**EXERCISE**
Beginning with the line that contains "Damen Armband aus Leder - broschei", reproduce the remaining lines of the material exactly, up to and including the last one, but no pictures.

----- DATA SHOWN

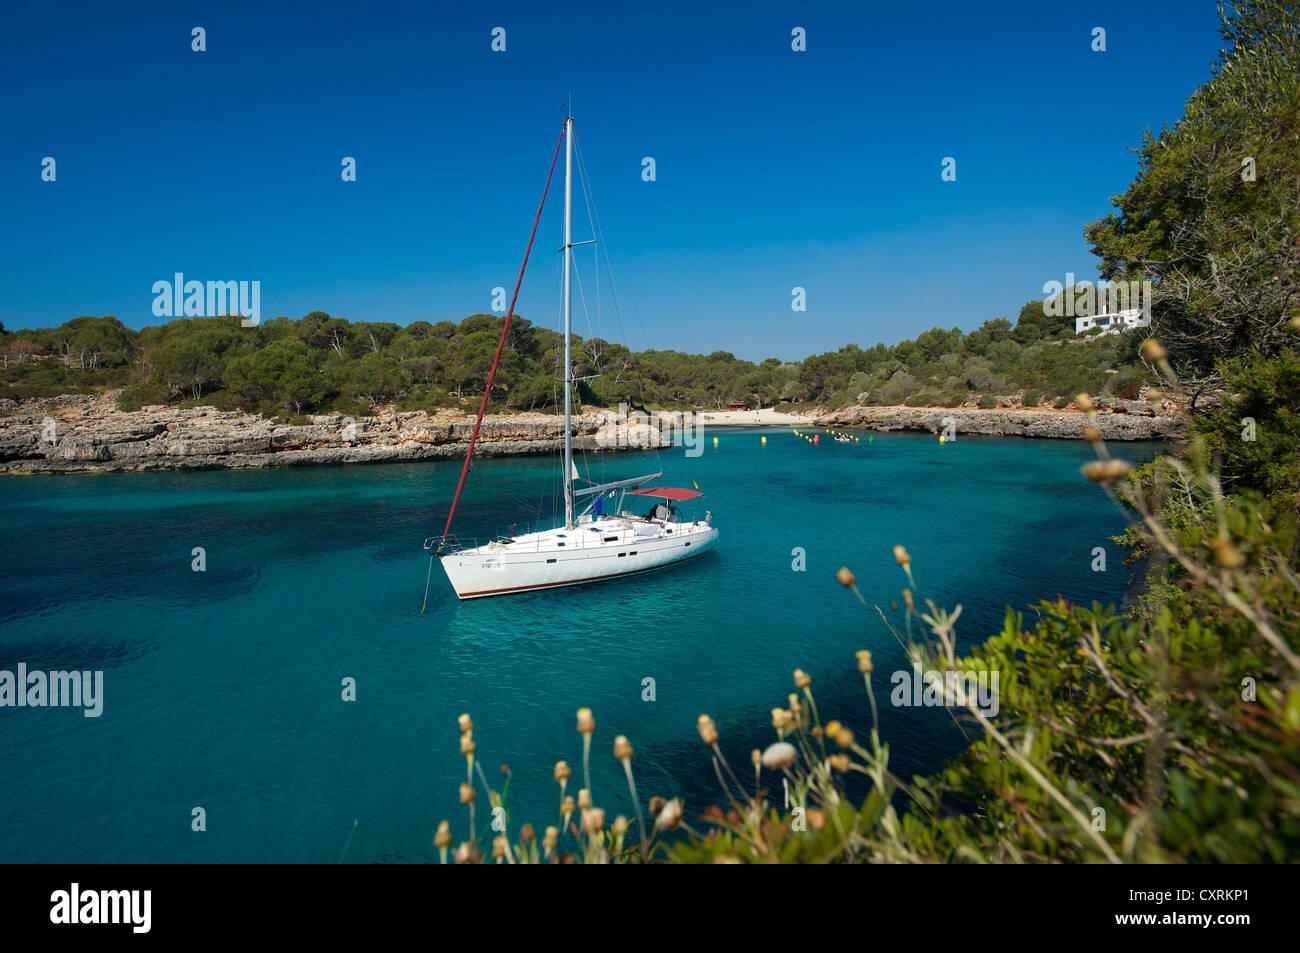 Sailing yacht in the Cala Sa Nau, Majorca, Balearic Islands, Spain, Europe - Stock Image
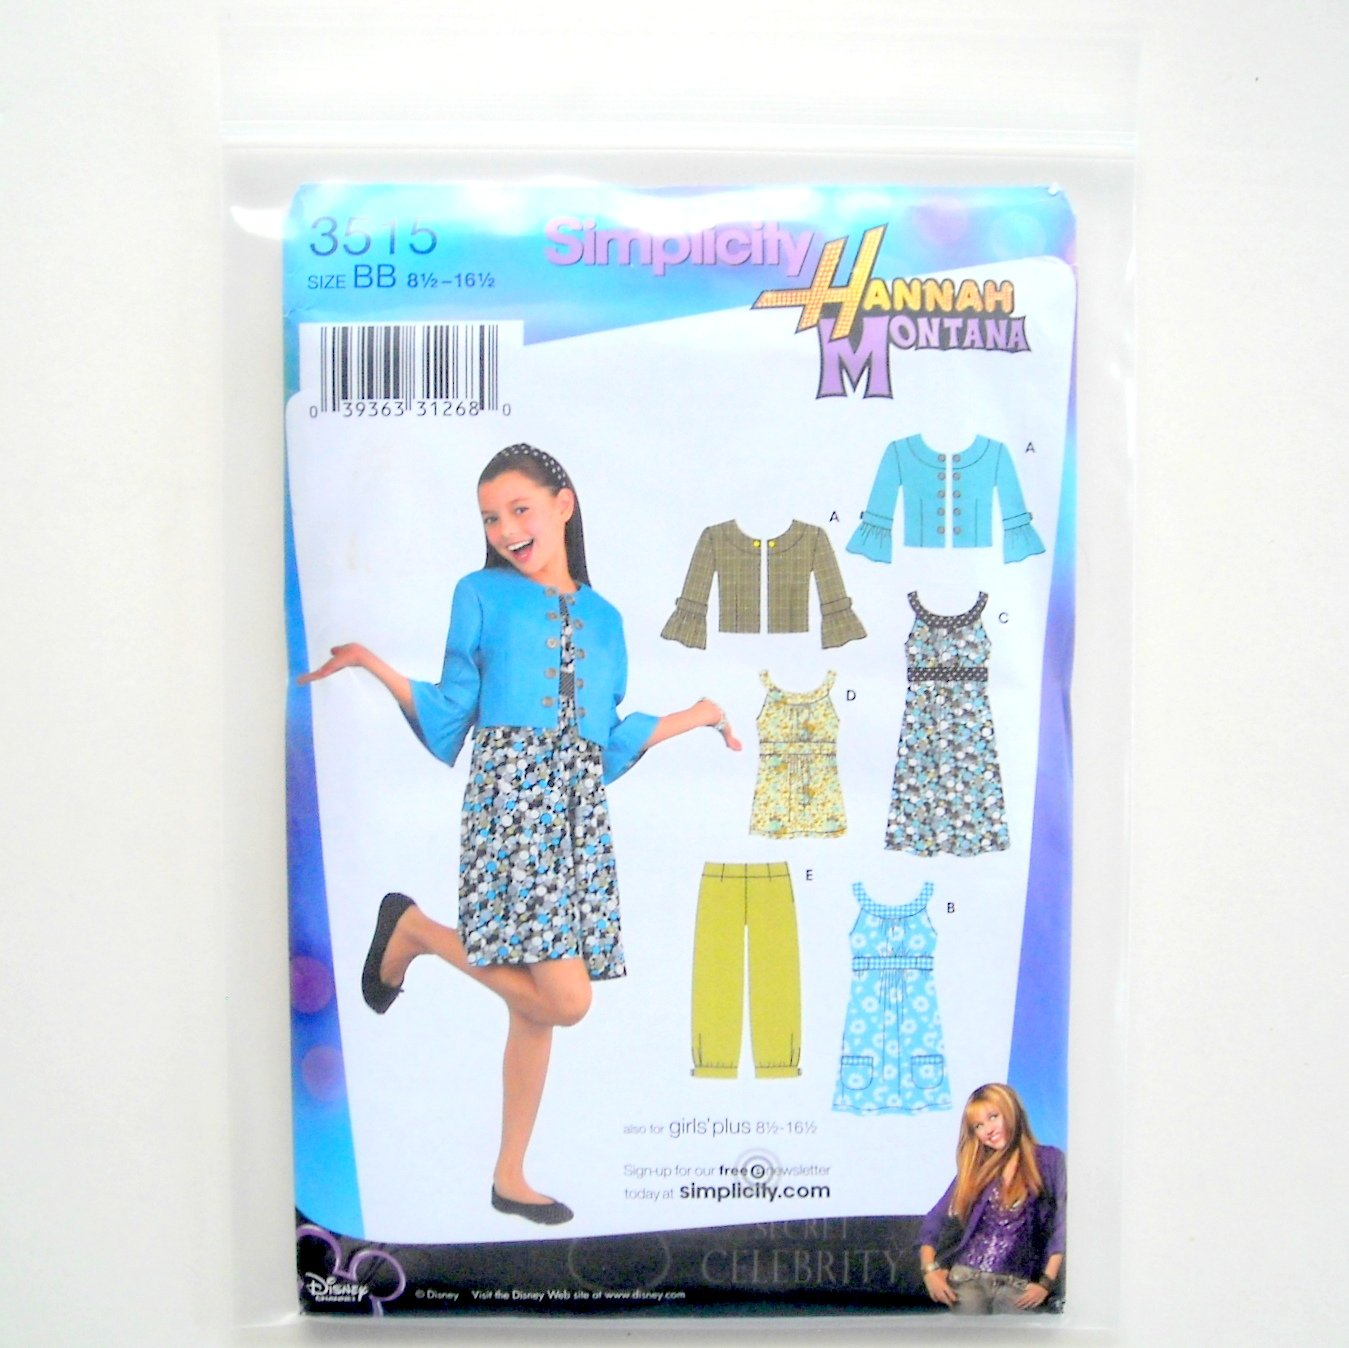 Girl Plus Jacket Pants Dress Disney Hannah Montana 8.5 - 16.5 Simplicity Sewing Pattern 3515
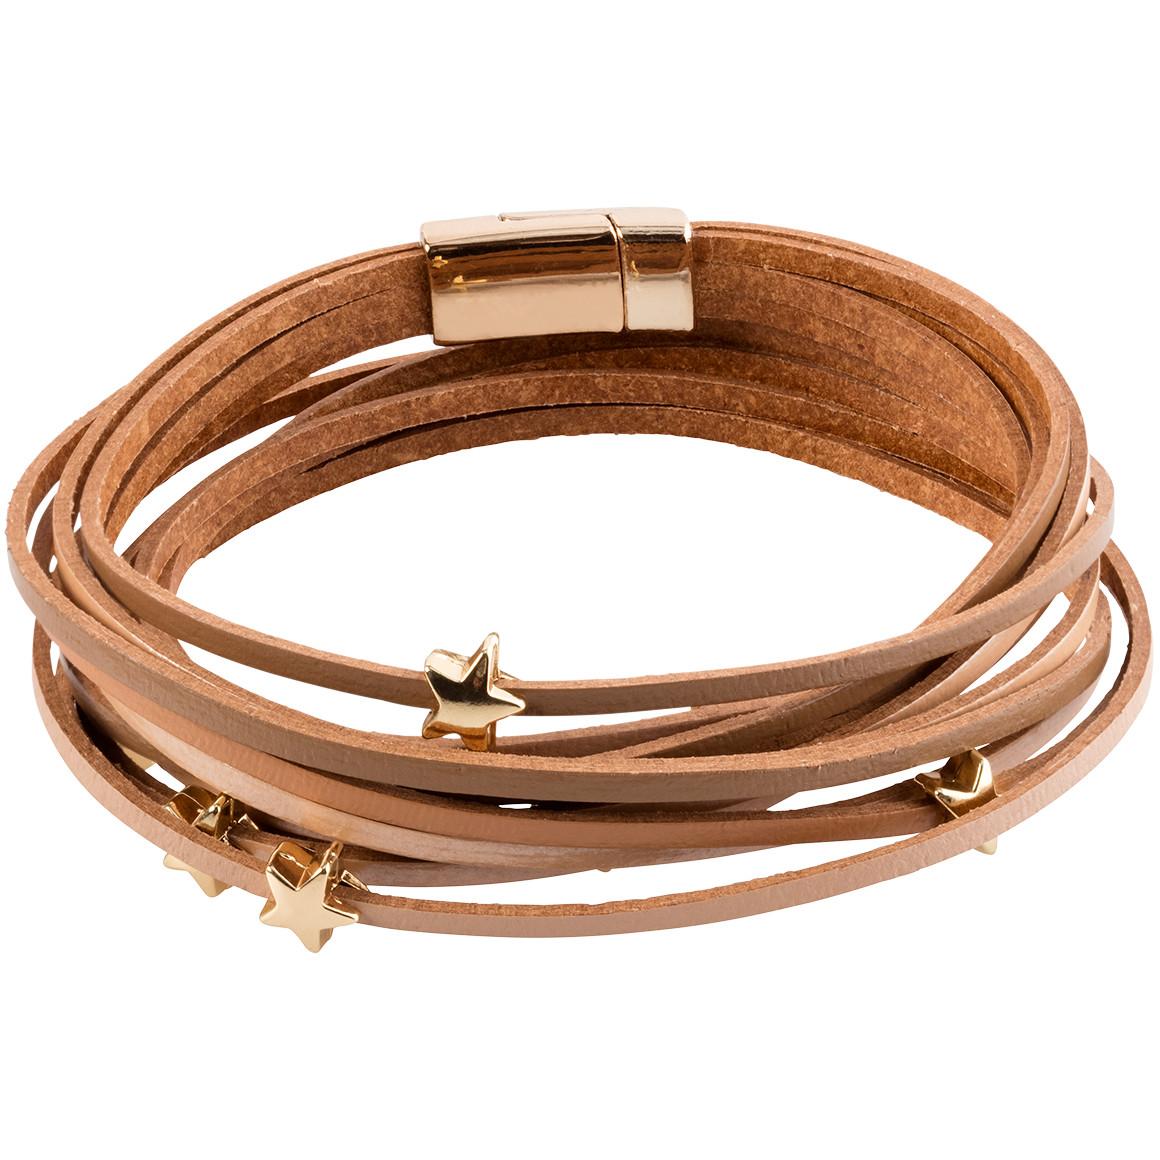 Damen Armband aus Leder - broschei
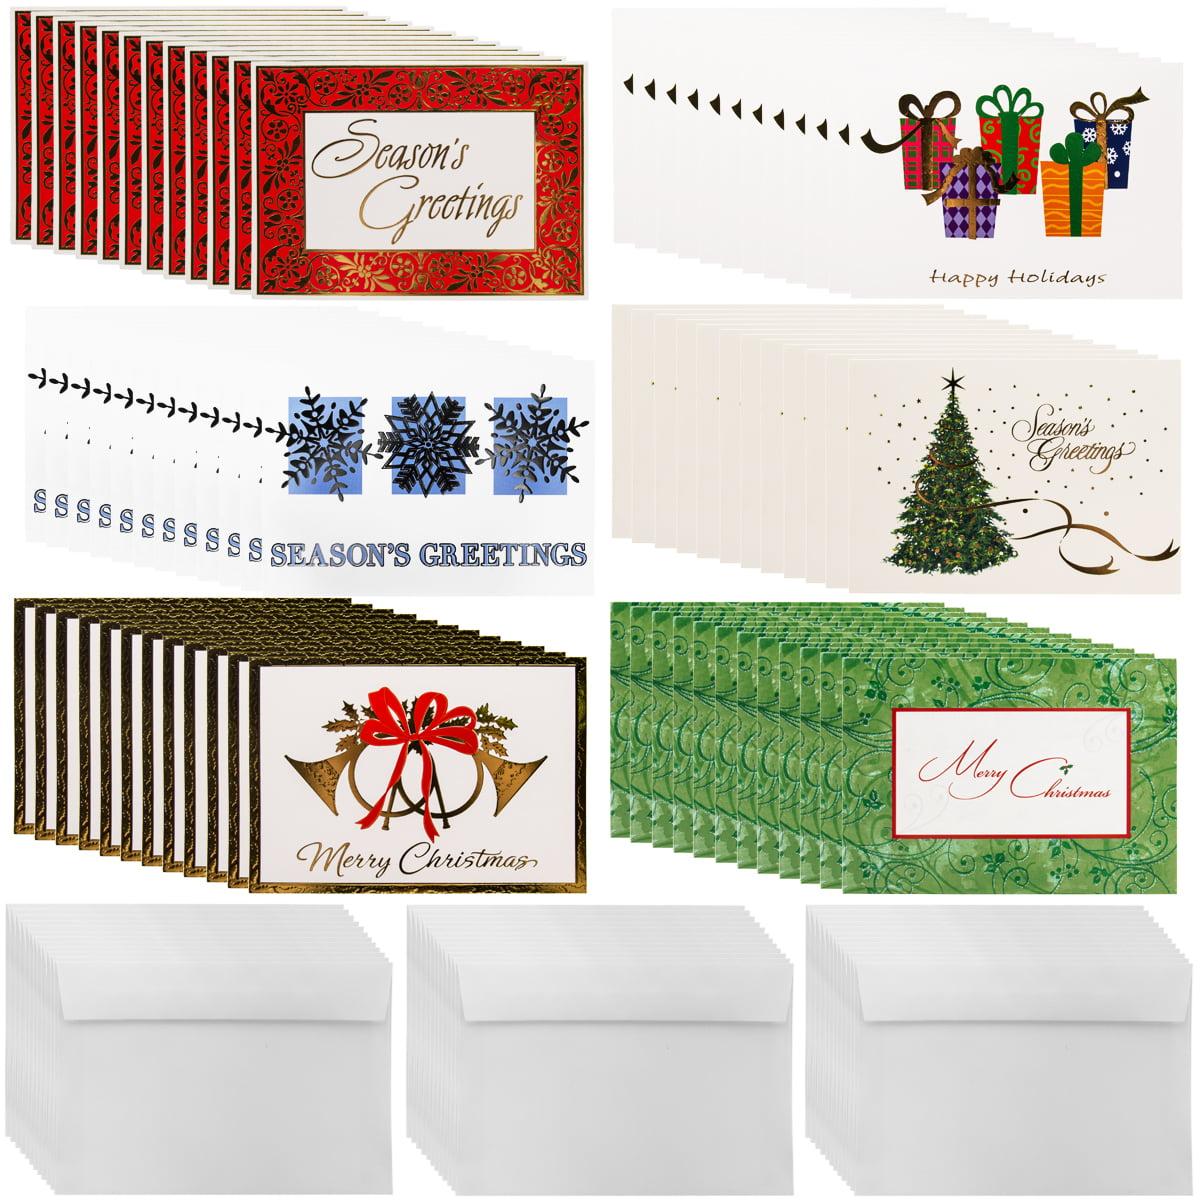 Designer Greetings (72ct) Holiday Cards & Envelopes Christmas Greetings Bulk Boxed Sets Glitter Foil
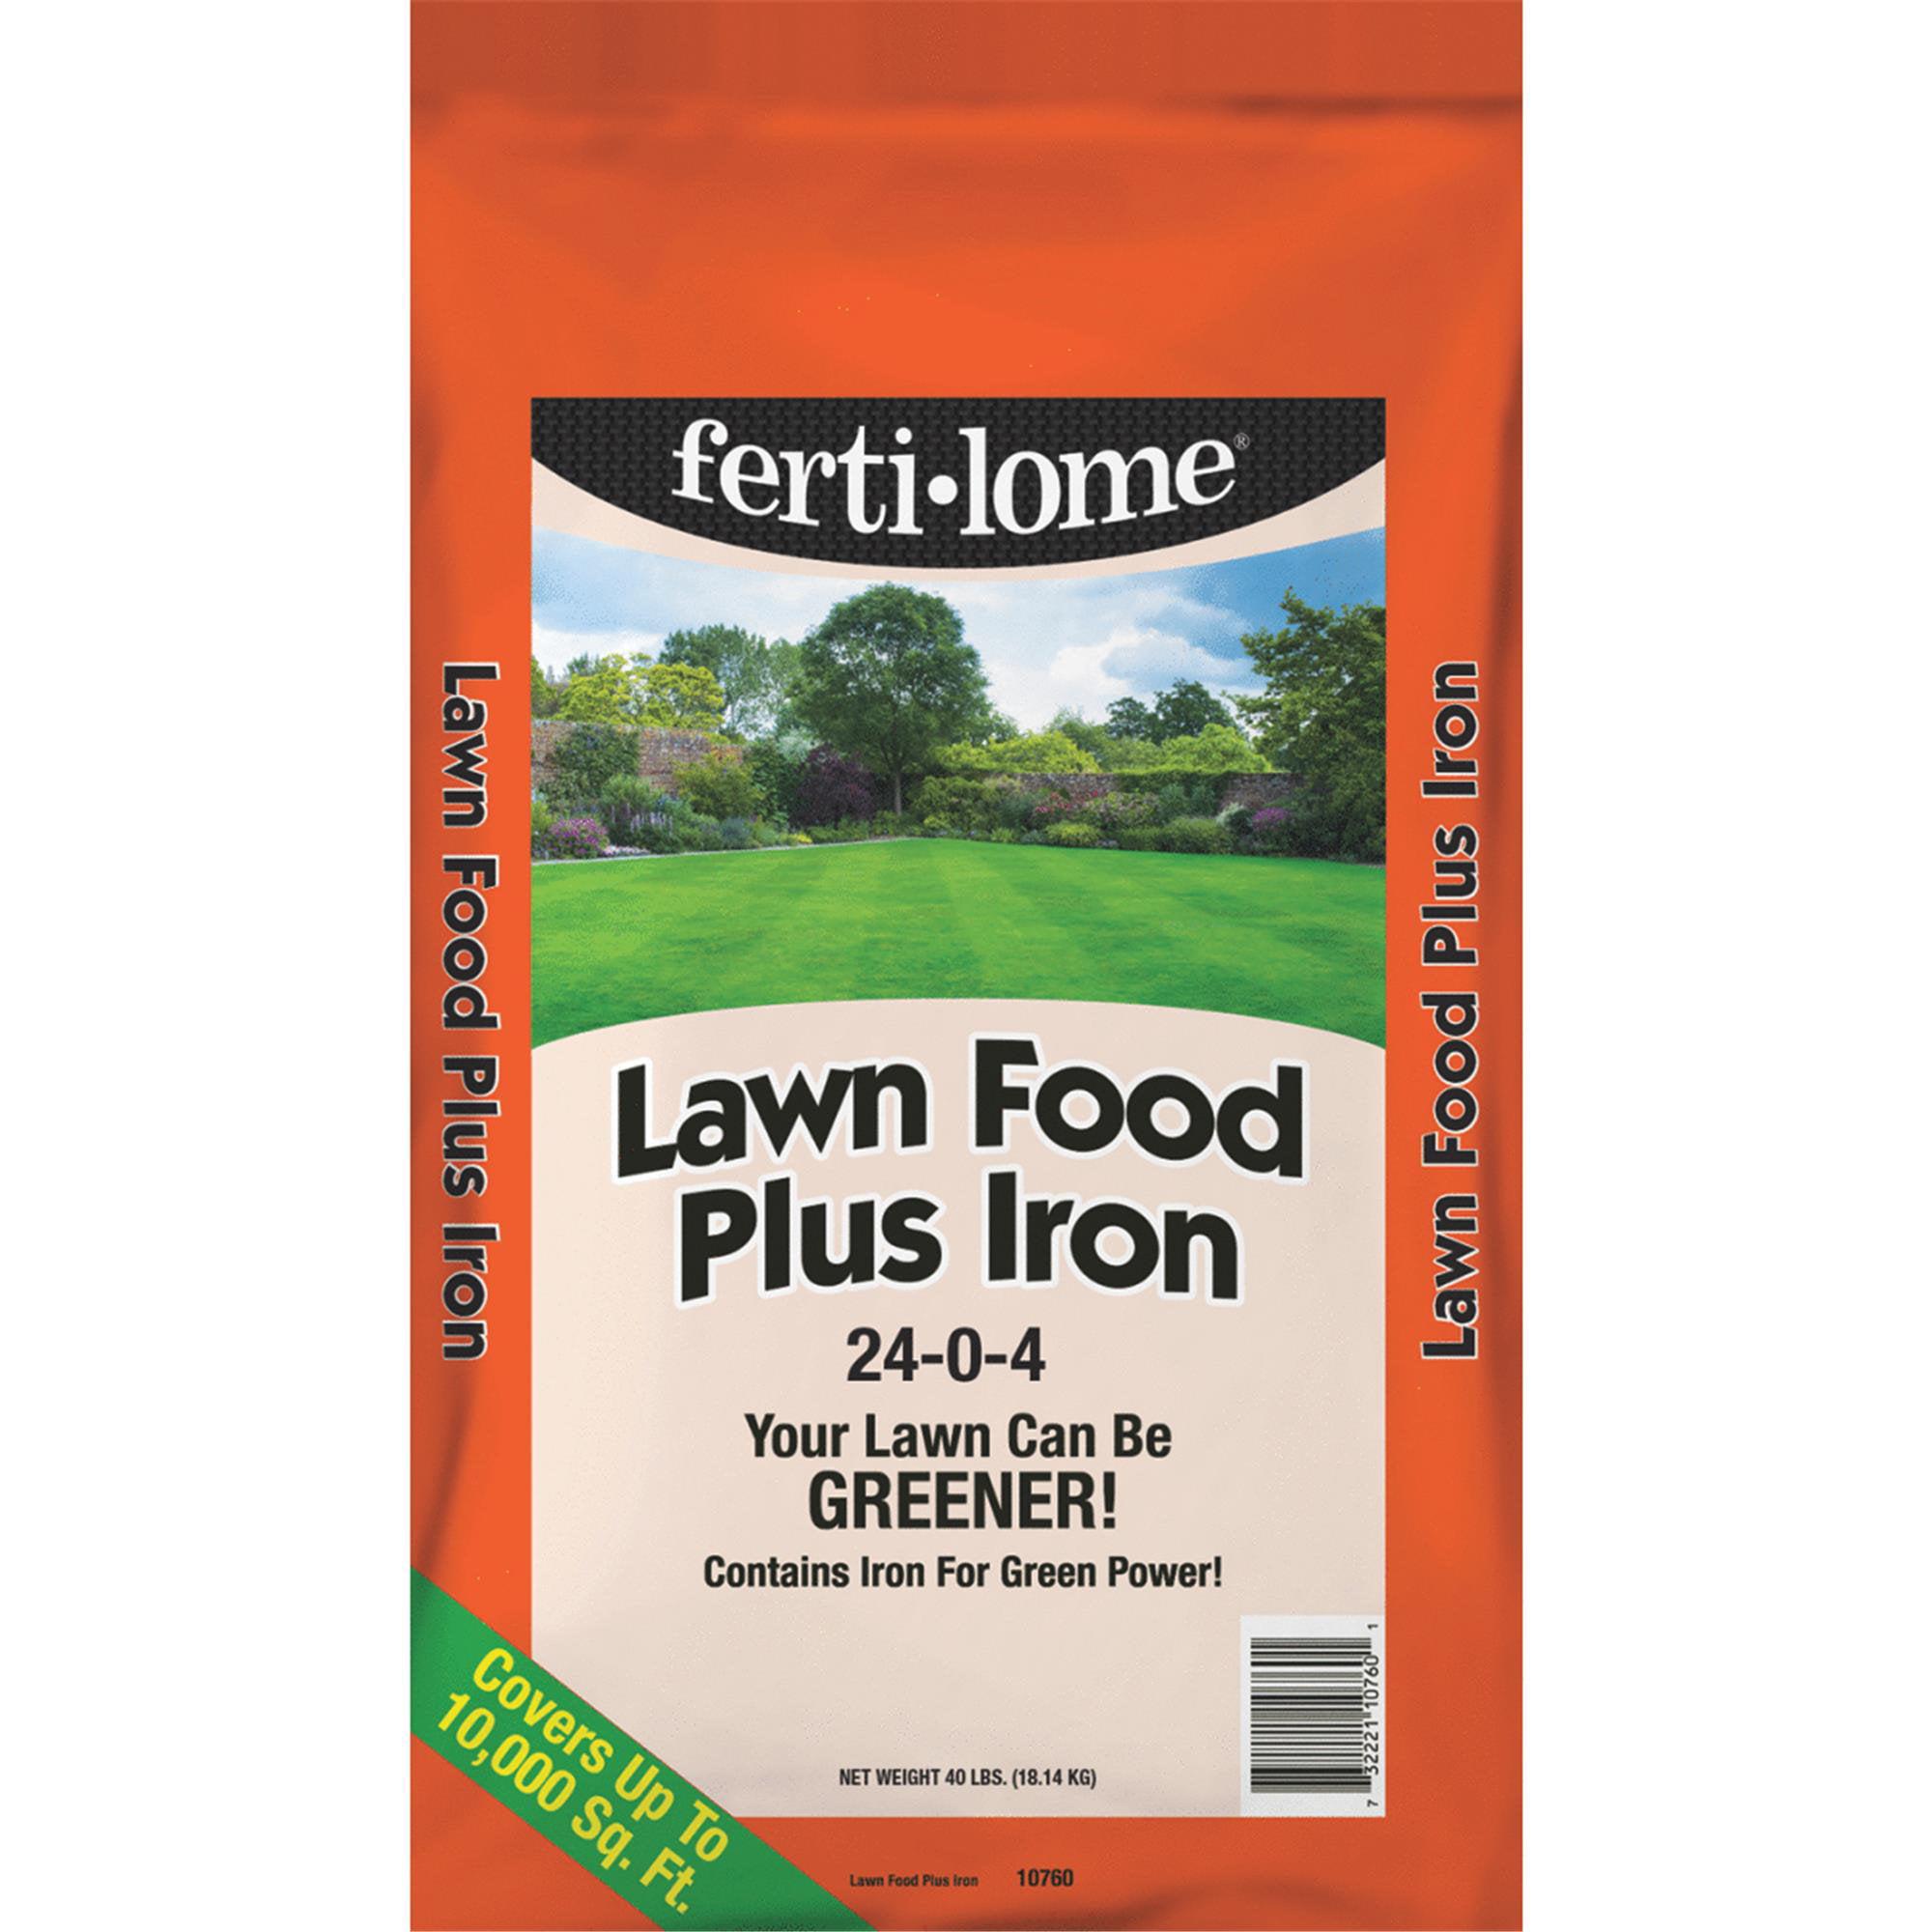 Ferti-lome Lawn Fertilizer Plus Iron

----------

**OUTPUT FOR THIS TASK**
 Damen Armband aus Leder - broschei
 Designer Greetings (72ct) Holiday Cards & Envelopes Christmas Greetings Bulk Boxed Sets Glitter Foil
 Ferti-lome Lawn Fertilizer Plus Iron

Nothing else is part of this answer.